Might Fatigue, Falls, Cognitive Dysfunction, and Depression in MS Be Treated by CPAP in the Future?
Positive airway pressure—represented as either CPAP, for continuous PAP; BiPAP, for bilevel application of PAP therapy; and APAP or AutoPAP, for automated PAP—consists of using a mask to deliver pressurized air generated by a small machine during sleep.
PAP, a noninvasive therapy, is considered the gold standard treatment for those with various kinds of sleep-disordered breathing (SDB) concerns; namely, sleep apnea (obstructive, central, or mixed apnea).
How might PAP therapy help people with MS?
Sleep apnea and MS are conditions which share a number of common symptoms.
Also, it's understood that people with MS are considered to be higher-risk candidates for SDB (such as sleep apnea).
By identifying and treating a previously undetected case of sleep apnea using PAP therapy, a person with MS may find the relief they need for the following symptoms.
According to researchers in the published article, "Recent studies that have included a relatively small number of participants have highlighted the potential beneficial role of treatment of SDB with continuous positive airway pressure (CPAP) to reduce fatigue in people with MS."
With fatigue being the most common symptom across the board for all people with MS, it seems worth it to explore this option further.
Why? PAP therapy is nonpharmacological (it doesn't require a person to take a pill or a shot). It's also extremely effective and very safe to use.
The researchers looked at links between cognitive function and OSA in people with MS.
One small study found an association between functions (such as attention span, verbal memory, response inhibition, working memory, and sleep quality parameters) and certain measures of SDB. These include blood oxygen desaturations and respiratory disturbances.

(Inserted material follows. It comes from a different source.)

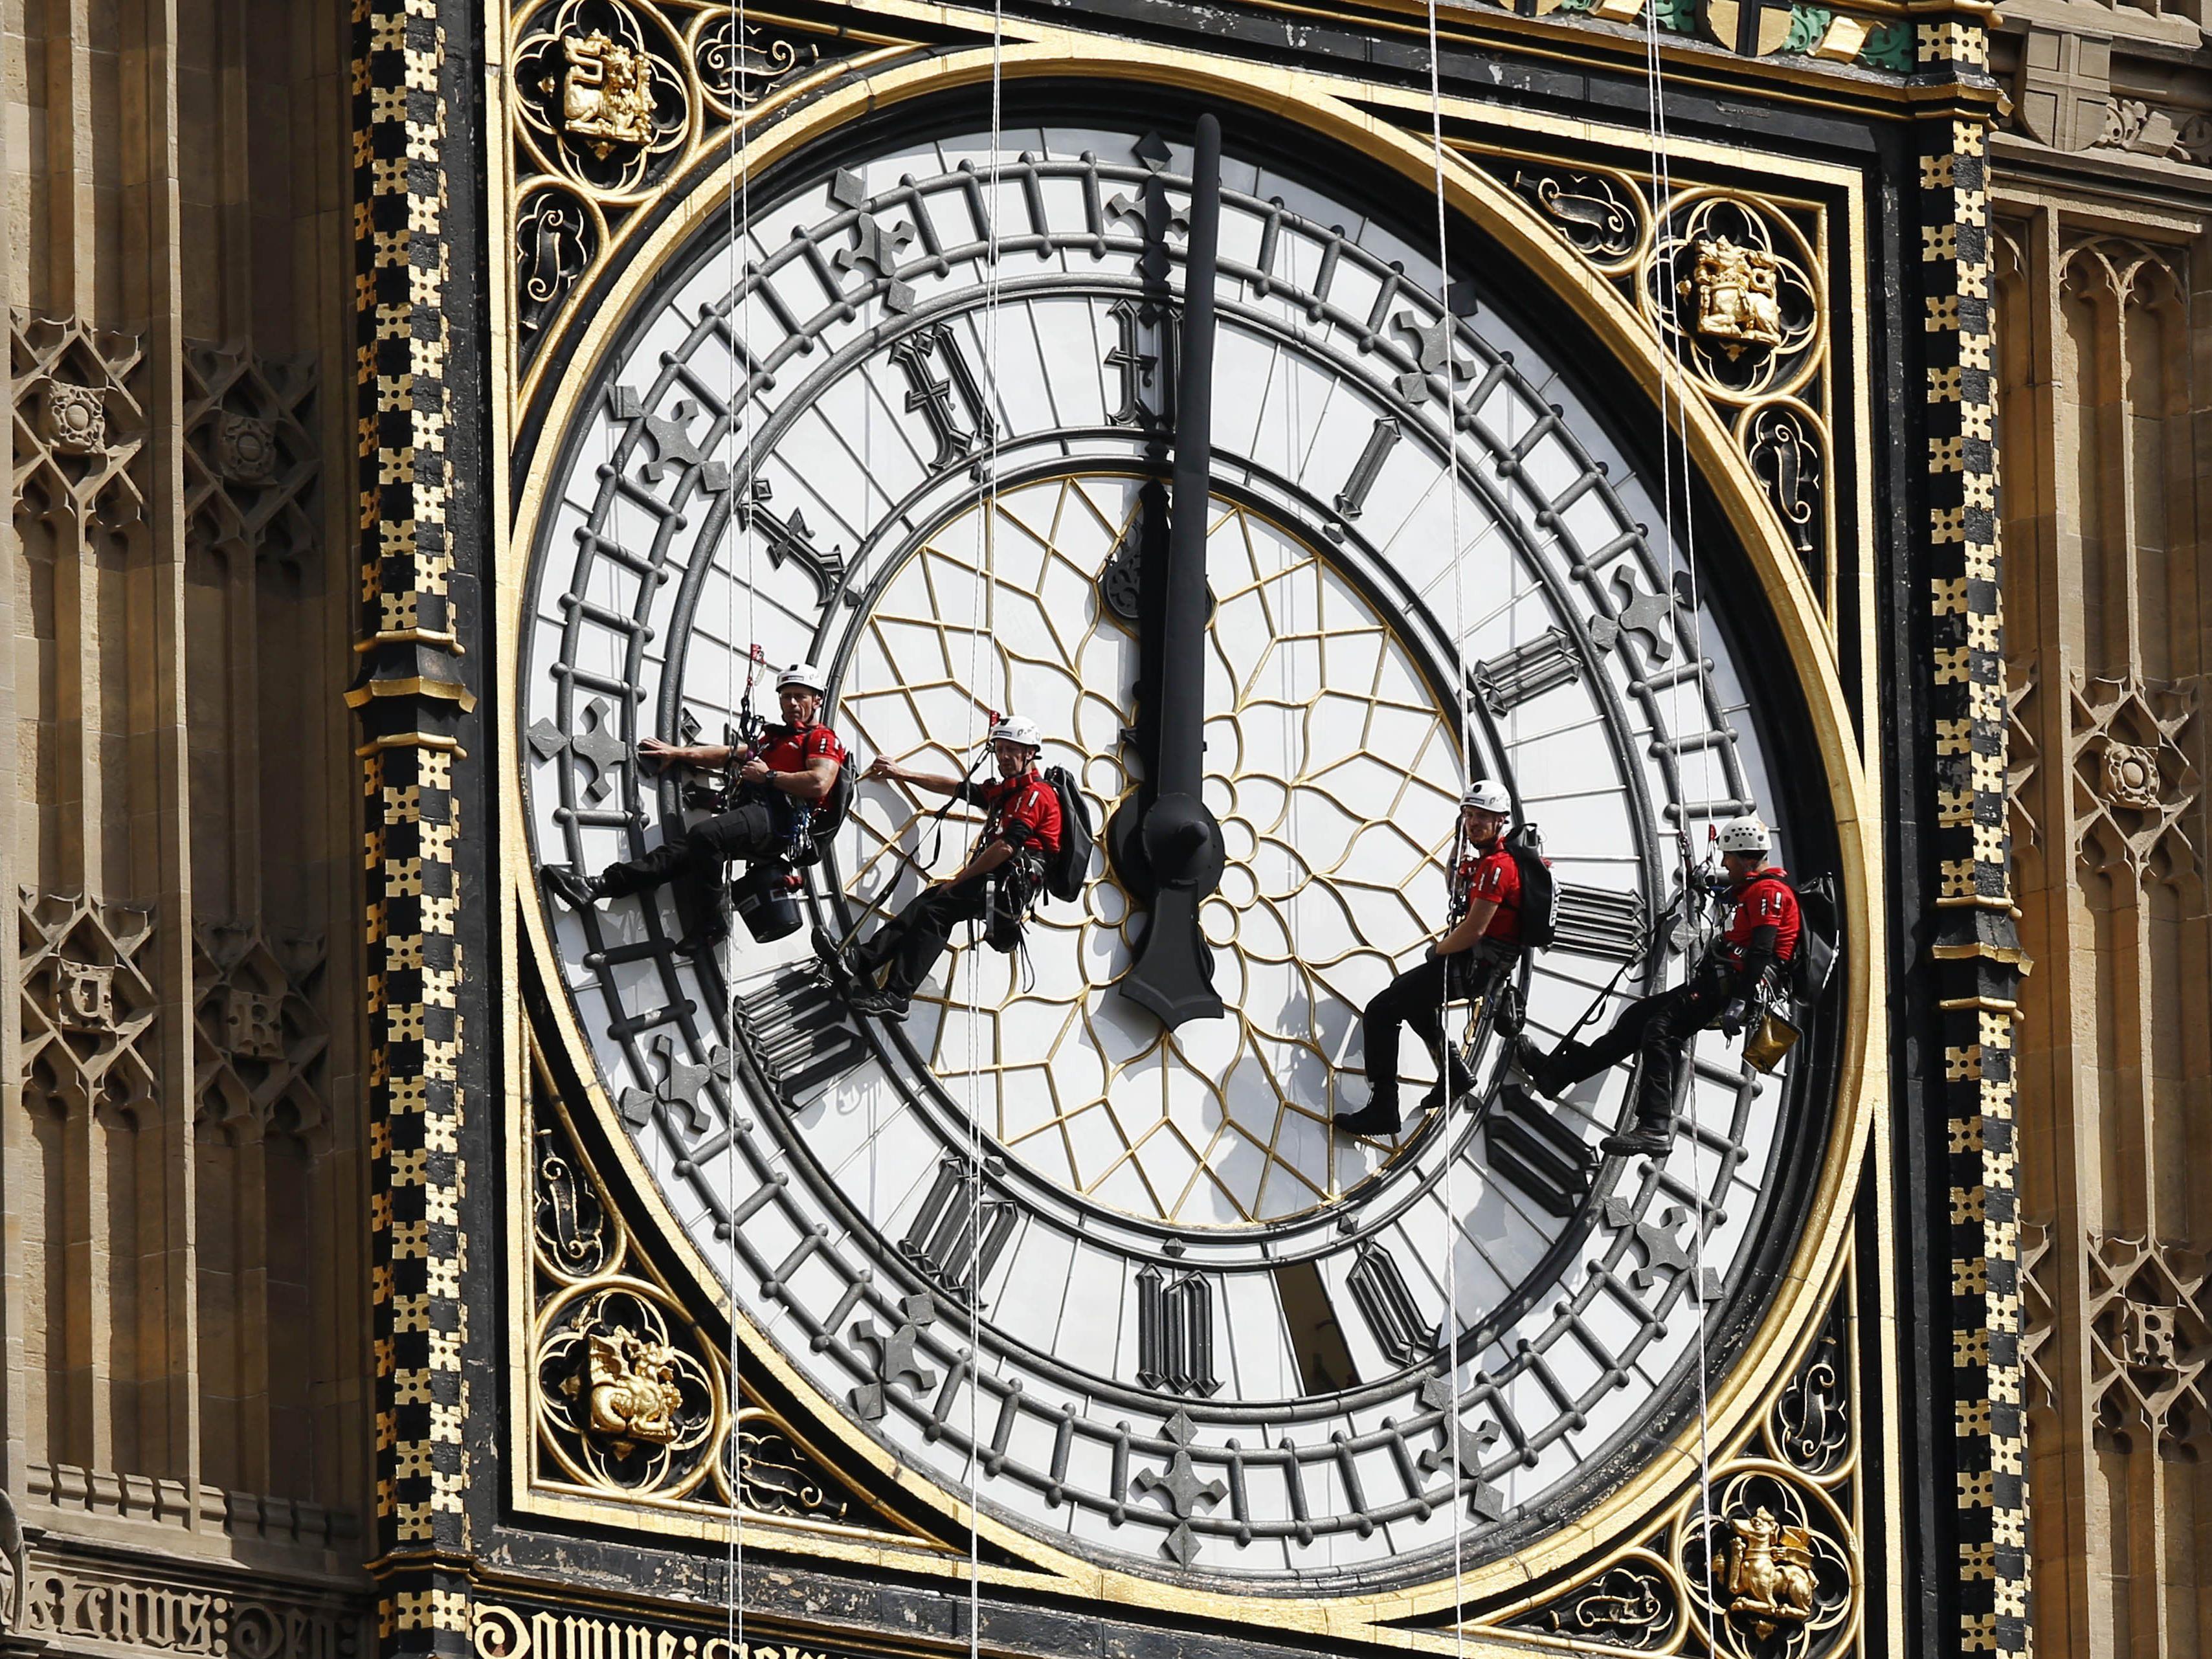 Время в лондоне и москве. Лондон Биг Бен 1859. Биг-Бен (башня Елизаветы). Часы Биг Бен в Лондоне. Часы Биг Бен 1859.

How this can correlate to MS is simple: The odds of a person with MS also suffering from sleep apnea are considerable.
Since using PAP therapy has been shown to improve these problems with cognitive function in people with sleep apnea, it makes sense.
When left untreated, cognitive dysfunction can become disabling and lead to job loss and loss of independence. However, someone with MS who also identifies and treats their sleep apnea with PAP therapy is far more likely to experience great improvements in these areas, allowing them to stay in the workforce and live independently.
Another common symptom in people with MS, depression occurs in about 20 percent of people with MS (annually), but its lifetime prevalence has been shown to be as high as half of all people with MS.
From the Australian study comes a recommendation to research the relationship between MS and depression as scientists already know there is a two-way link between sleep and the brain that can result in higher depression risk for those who have poor sleep.
Unfortunately, insomnia and disrupted sleep are big problems for many people with MS; however, on the bright side, use of PAP therapy for those with both MS and sleep apnea has been shown to improve these symptoms dramatically.
While the previous concerns are related to functions regulated by brain behaviors, falls suggest a physical characterization of neurological disorder among people with MS.
As many as 60 percent of people with MS fall at least once within a random six-month period, often seeking medical care as a result.
The causes of these falls point to problems with loss of balance, use of assistive devices, leg weakness, impaired gait, and vision problems, as well as the aforementioned fatigue and cognitive dysfunction.
It is thought by the researchers in the Australian study that poor sleep might be partly to blame for these reasons for increased fall risk.
For instance, young people with MS have significantly greater problems with "postural sway," a measure of balance, when they become sleep deprived. For those who experience daytime sleepiness, scores from the Epworth Sleepiness Scale of >10 show an independent risk factor for falling.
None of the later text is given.